La plupart de ces bières sont produites grossièrement dans des lieux non appropriés comme un garage ou une cave. Comme vous l’aurez compris, pour quelqu’un qui vient de Belgique, cette bière artisanale argentine s’avère presque toujours décevante. En effet, la majorité de ces brasseurs sont de jeunes entrepreneurs qui investissent leurs économies dans quelques cuves de cuisson, achètent les ingrédients locaux et trouvent leurs recettes sur Internet. Et, même si les conditions d’hygiène ne sont pas toujours au rendez-vous et que la bière est souvent contaminée, la mode est impérieuse. Les jeunes veulent se retrouver dans ces “cervecerías” qu’ils apprécient autant pour l’ambiance et les hamburgers que pour la bière.

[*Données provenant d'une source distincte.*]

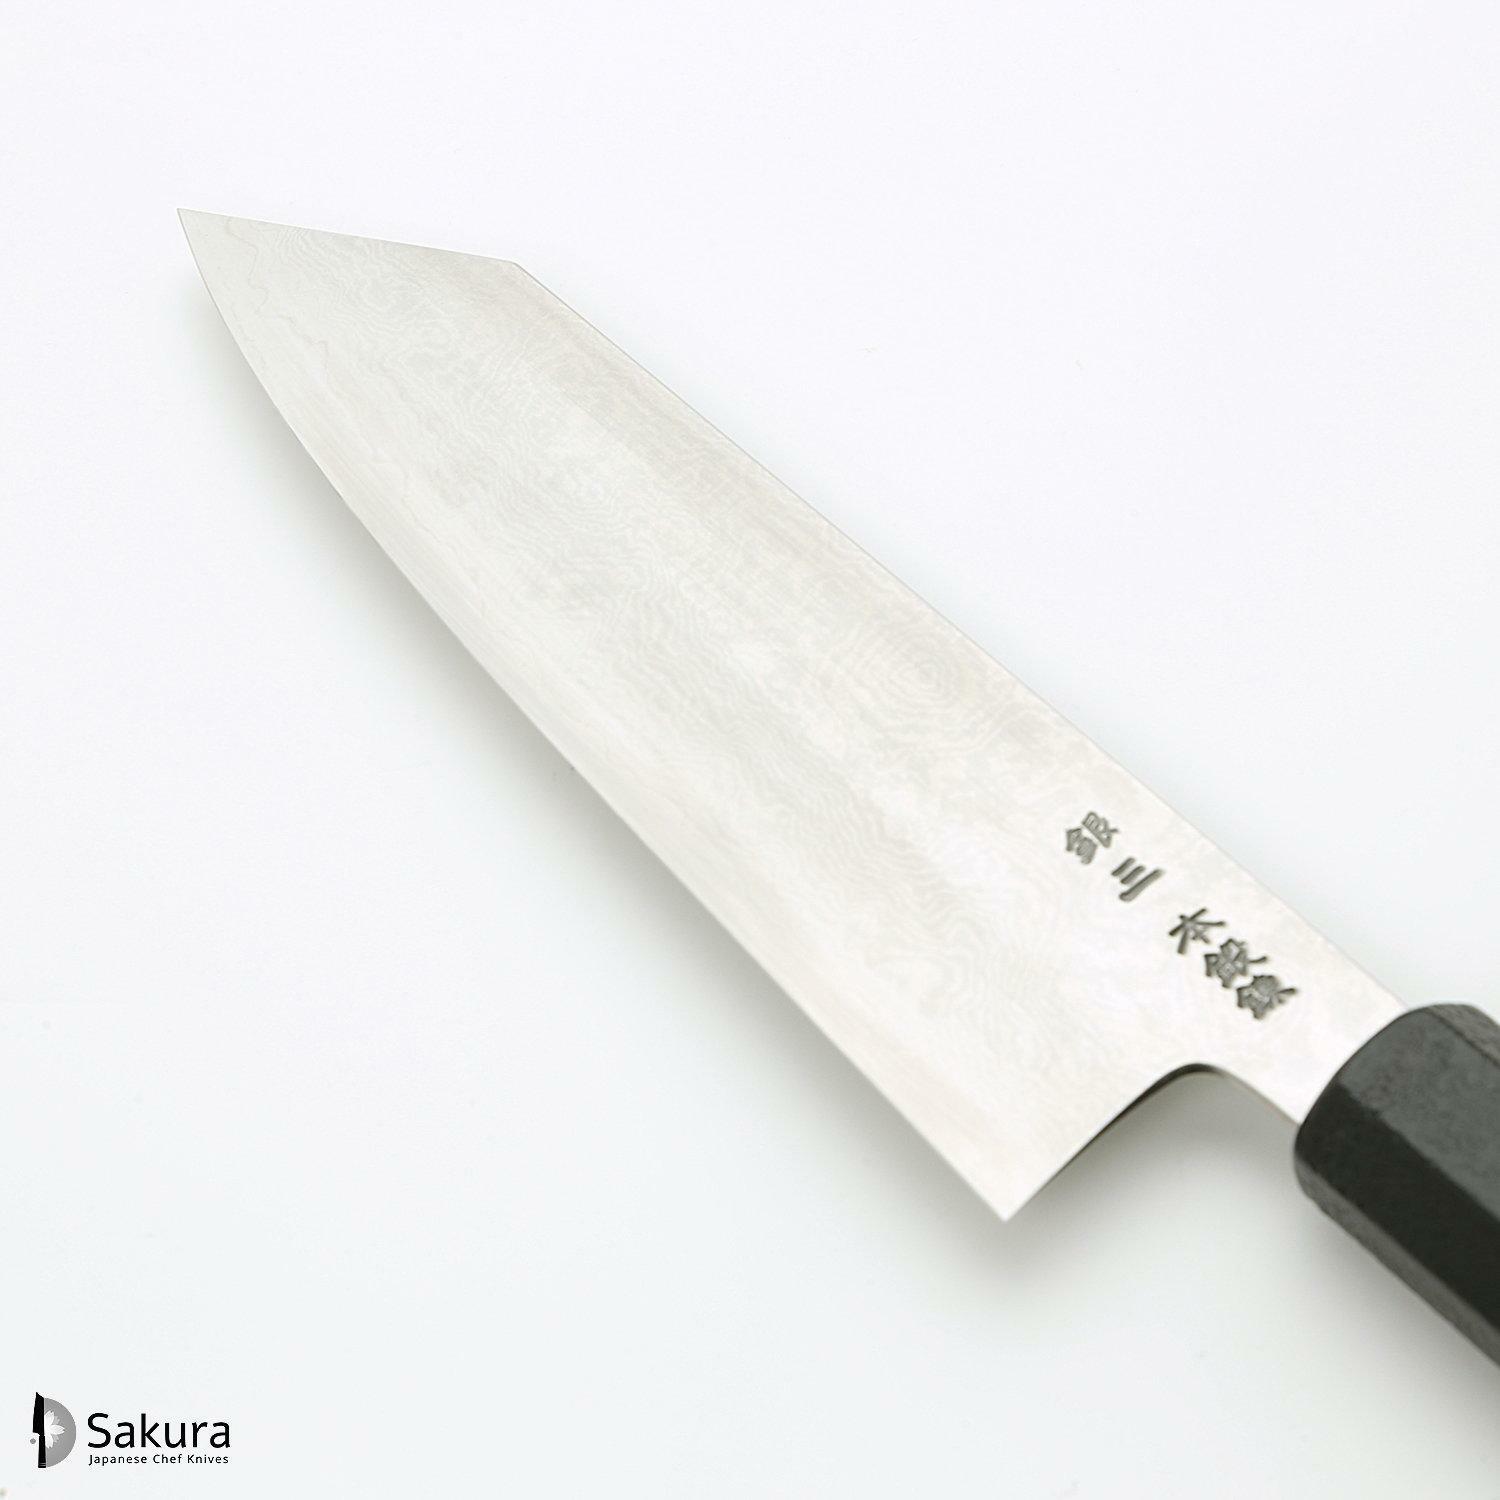 סכין רב-תכליתית בּוּנְקָה 180מ״מ מחושלת בעבודת יד 3 שכבות: פלדת פחמן יפנית מתקדמת מסוג Ginsan Silver#3 עטופה פלדת אל-חלד בגימור דמשק גימור דמשק האדו יפן

Houblon de Patagonie, malts de Stabroek

Alain, quant à lui, est un brasseur très rigoureux, respecteux d’une hygiène sans faille et qui met énormément de soins dans le choix de ses matières premières. Cette démarche n’est pas évidente dans la province de Salta située à plus de 1.500 kms de Buenos Aires, mégapole, centre des affaires incontournable pour les approvisionnements en tout genre qu’ils soient nationaux ou importés.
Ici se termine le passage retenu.